This is just the documentation of my first attempt to look at some of these variables via simulation. I created a low volume chamber (3ul top, 3ul bottom) and ran simulations for shorter time steps. I then took the ratio of filtrate to retentate ratios of these simulations and compared them to simulations without membranes in order to find an effective diffusion coefficient which could be used to describe the rate of diffusion for the entire system. To obtain the effective diffusion coefficients, linear interpolations were used from figures similar to the following:
This may create a bit of error, but the next step is to increase the points within the curve to get a better interpolation (see making things faster section). I’ve tried fitting these curves, but high order polynomial curves do not always work well as the curve approaches an asymptote.
In the following figure I compare the effective diffusion coefficients for the different simulations:
In this preliminary figure, I show that the effective diffusion coefficient is similar to the free diffusion coefficient for small sized molecules, but drops as the molecules get larger. The cutoff for this membrane is around 15nm and one would expect the effective diffusion coefficient to be zero there (remainder of curves pending as I work on the interpolation). There’s a little bit of a spread in these curves and it is difficult to say if this is from errors in the simulation geometry or actual due to an effect like the difference between renkin and capture (adsorber, Amemiya, still looking for a good term for this) permeabilities However, it does appear that the lowest volume, shortest time curve has the most influence from the membrane, or the sharpest drop in effective diffusion.
Making things faster:
I have been spending some time figuring out how to do large batches of simulations. It turns out that COMSOL can be run by MATLAB. To do so, comsol geometries can be meshed using the COMSOL gui and saved as an m-file. MATLAB can then be synched to COMSOL and the m-file can be run in the MATLAB command window. The m-file can be altered so that it contains for loops which enable the changing of variables and saving of outputs in the MATLAB environment. This should enable me to set up many simulations at once and allow them to run and process more quickly.

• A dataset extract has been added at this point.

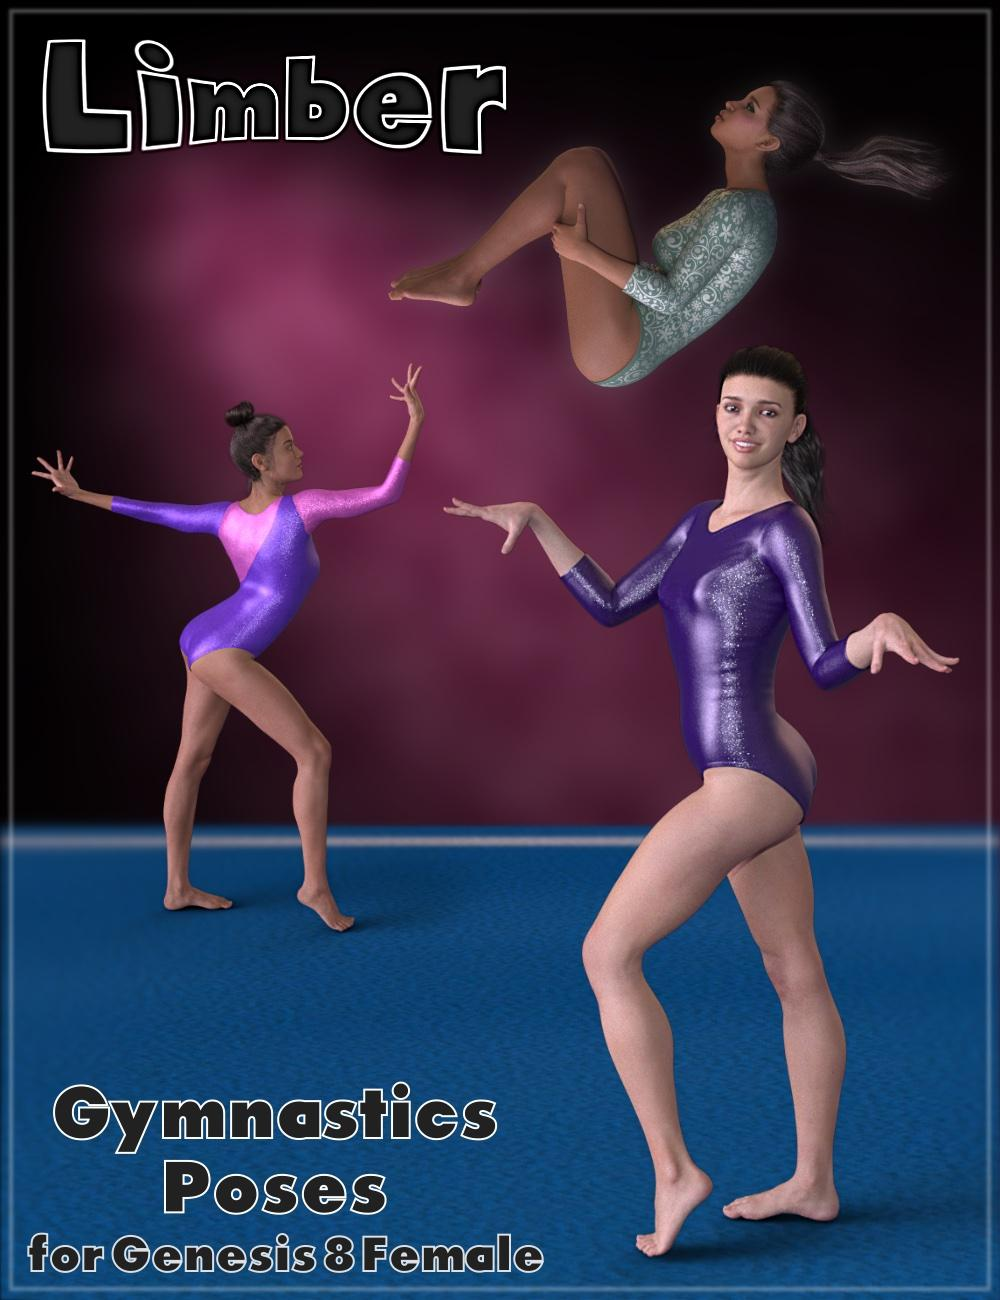 Limber - Gymnastic Poses for Genesis 8 Female

Are these 1-D or 3-D simulations? If they are 3-D, how is the volume distributed on both sides of the membrane? It seems like stepping back to a 1-D model with different fluid thicknesses on each side would be the best approach for the issues discussed above, right? I’m worried that the lateral geometry issues with the 3-D model will create effects that non-intuitive and will mask our fundamental understanding.
Also, is this an ideal membrane with 15nm pores with X porosity, or is some pore size distribution used?
This is a 3-D solution with the same volume on each side (although the top side has a slightly different geometry due to the silicon slits). Also a pore distribution was used to create these simulations. All of this work is done with the membrane used in the experimental separations.